Lenabasum Not Found to Be Effective in Diffuse Cutaneous Systemic Sclerosis

Lenabasum was not found to be effective in the treatment of diffuse cutaneous systemic sclerosis (dcSSc), according to study findings published in Arthritis & Rheumatology.

Lenabasum is a cannabinoid type 2-receptor agonist, which has been found to reduce fibrosis and inflammation in animal models.

A double-blind, placebo-controlled study (RESOLVE-1; ClinicalTrial.gov Identifier: NCT03398837) was conducted at 77 sites in North America, Europe, Asia-Pacific, and Israel between 2017 and 2020.

Patients with dcSSc and skin thickening proximal in the elbows, knees, or trunk were randomly assigned 1:1:1 to receive twice-daily 5 mg lenabasum, 20 mg lenabasum, or placebo for 52 weeks.

The primary outcome was the change in the American College of Rheumatology (ACR) Combines Response Index in dcSSc (CRISS) score.

The low- and high-dose lenabasum and control cohorts included 365 patients, with a mean age of 49.7, 49.7, and 51.9 years; 73.3%, 80.0%, and 74.0% were women; and 66.7%, 70.0%, and 71.5% were White, respectively.

At week 52, patients who received low-dose lenabasum had a median ACR CRISS score of 0.8270 (P =.3486) and those who received high-dose lenabasum had a score of 0.8880 (P =.4972), which did not significantly differ from the median score of those who received placebo (0.8870).
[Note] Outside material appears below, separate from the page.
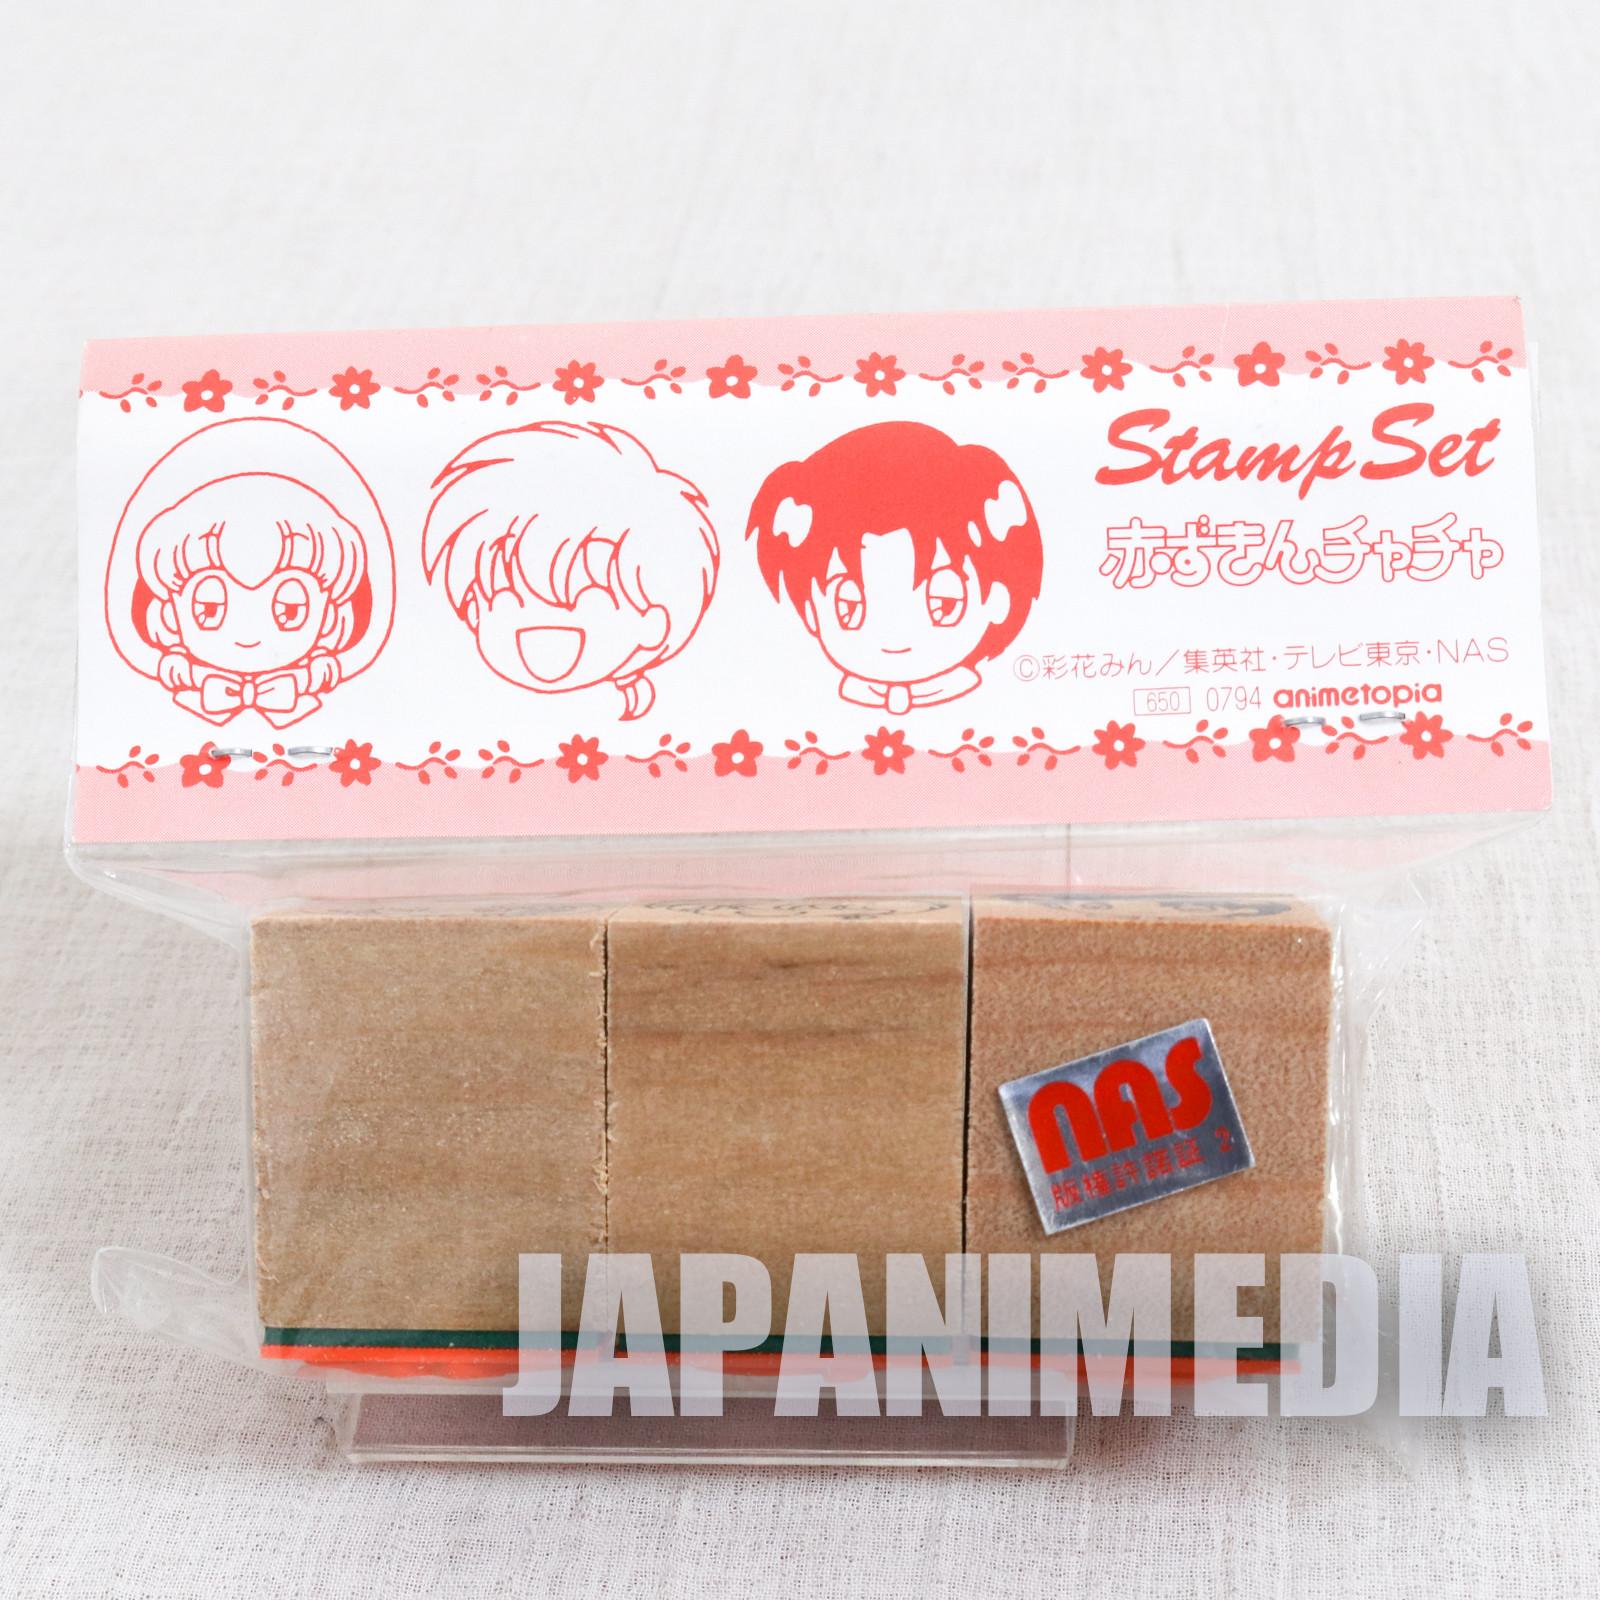 Akazukin Chacha Riiya Shiine Stamp 3pc Set JAPAN ANIME

In the 5-mg lenabasum, 20-mg lenabasum, and placebo groups, respectively, changes in modified Rodnan Skin Score (mean difference [MD], -7.1 vs -6.7 vs -8.1; P =.1183), forced vital capacity (FVC) percent predicted (MD, -2.2% vs -1.6% vs -1.0%; both P ≥.516), Health Assessment Questionnaire-Disability Index (HAD-DI) scores (MD, -0.06 vs -0.13 vs -0.13; both P ≥.322), and Physician Global Assessment of Health related to dcSSc (MDGA) scores (MD, -1.9 vs -1.7 vs -1.8; both P ≥.516) differed significantly. However, patients who received 5 mg lenabasum reported a smaller change in Patient Global Assessment of Health (PtGA) related to dcSSc score compared with those who received placebo (MD, -0.3 vs -1.1; P =.015).

Any treatment-emergent adverse event was reported by 90.2% to 91.7% of lenabasum-recipients compared with 86.2% of placebo-recipients. The rates of serious (8.2%-9.2% vs 14.6%) and severe (3.3%-5.8% vs 13.0%) events were lower in the lenabasum compared with the placebo groups, respectively. One event in the high-dose lenabasum and 1 in the placebo group led to deaths due to myocarditis plus hypoxia and renal crisis plus acute respiratory failure, respectively. Both deaths were deemed as unrelated to the study.
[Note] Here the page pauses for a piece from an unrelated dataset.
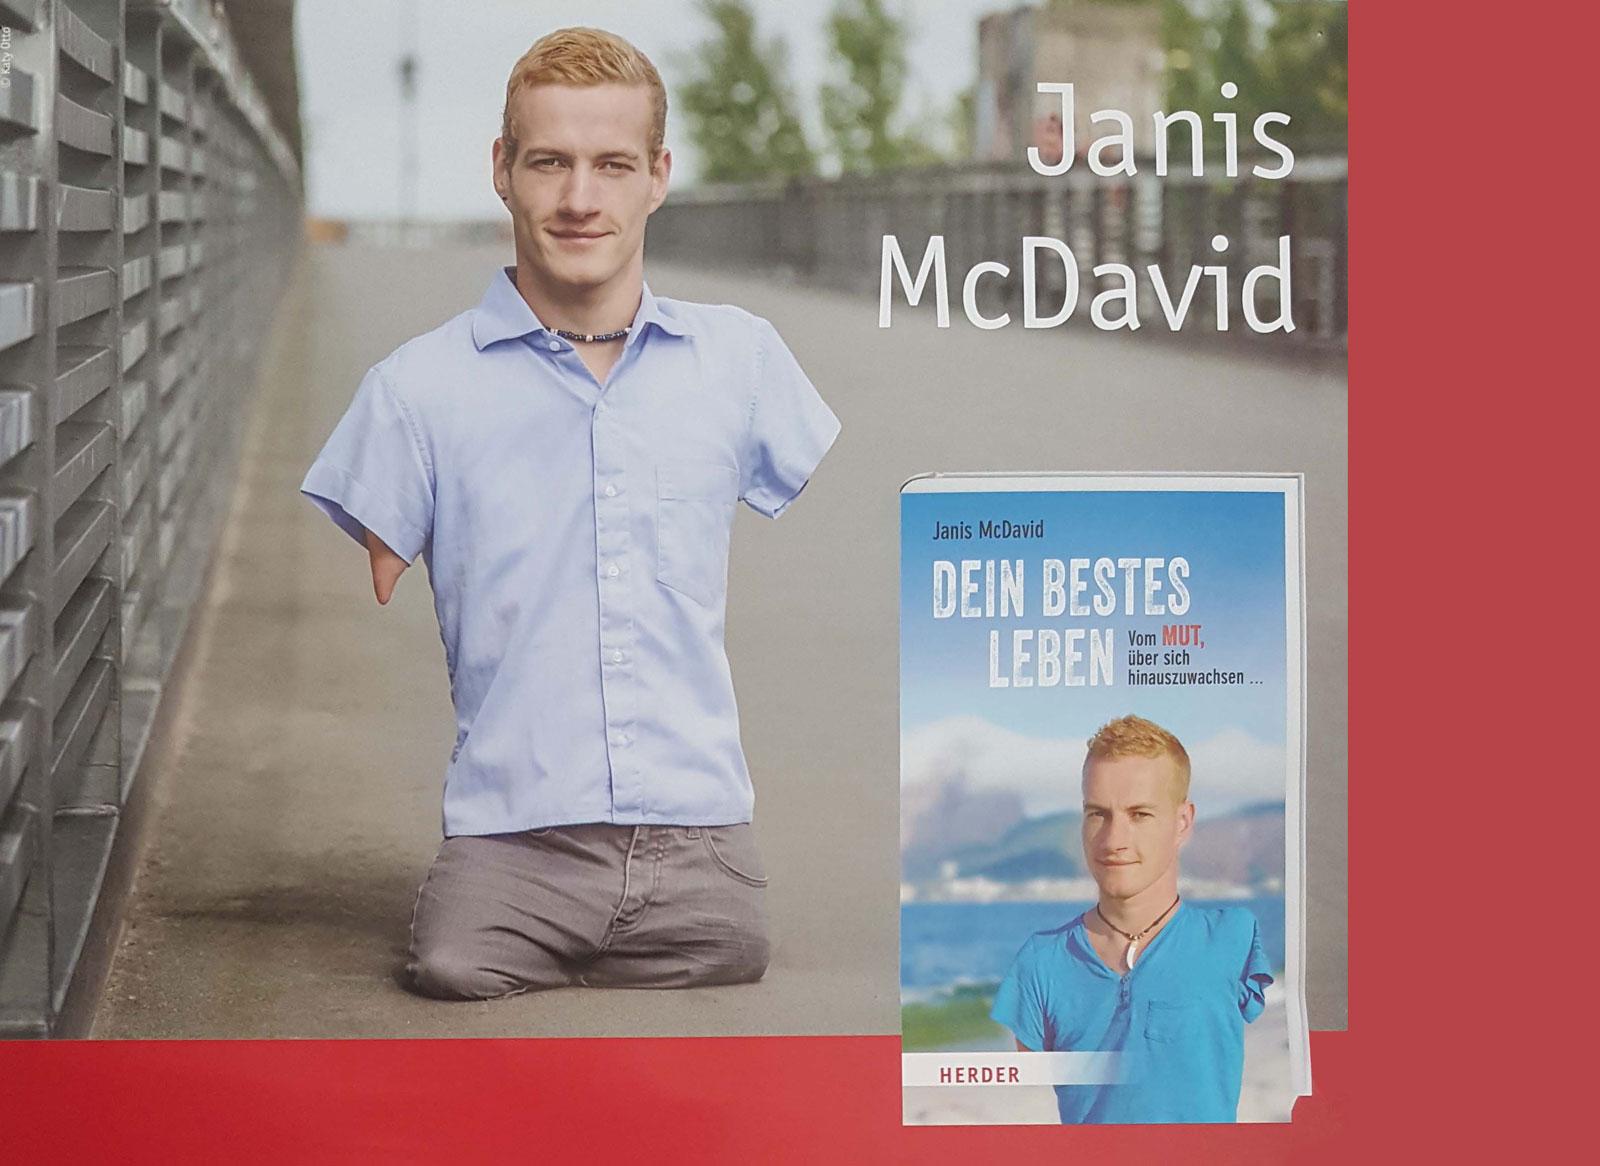 Janis Mcdavid

The most common adverse events among patients who received 20 mg lenabasum were dizziness, diarrhea, nasopharyngitis, upper respiratory tract infection, nausea, headache, scleroderma-associated digital ulcer, and vomiting.

A major limitation of the study was that patients were able to continue using background immunosuppressive therapies, which may have contributed to the symptom improvement observed among placebo-recipients.

The study authors concluded, “The primary analysis of this study does not show efficacy for lenabasum in dcSSc. […] Results from the pre-specified subgroup analyses will require confirmation in additional studies to determine the potential of lenabasum for treating patients with dcSSc.”

Disclosures: This research was supported by Corbus Pharmaceuticals, Inc. Some study authors declared affiliations with biotech, pharmaceutical, and/or device companies. Please see the original reference for a full list of disclosures.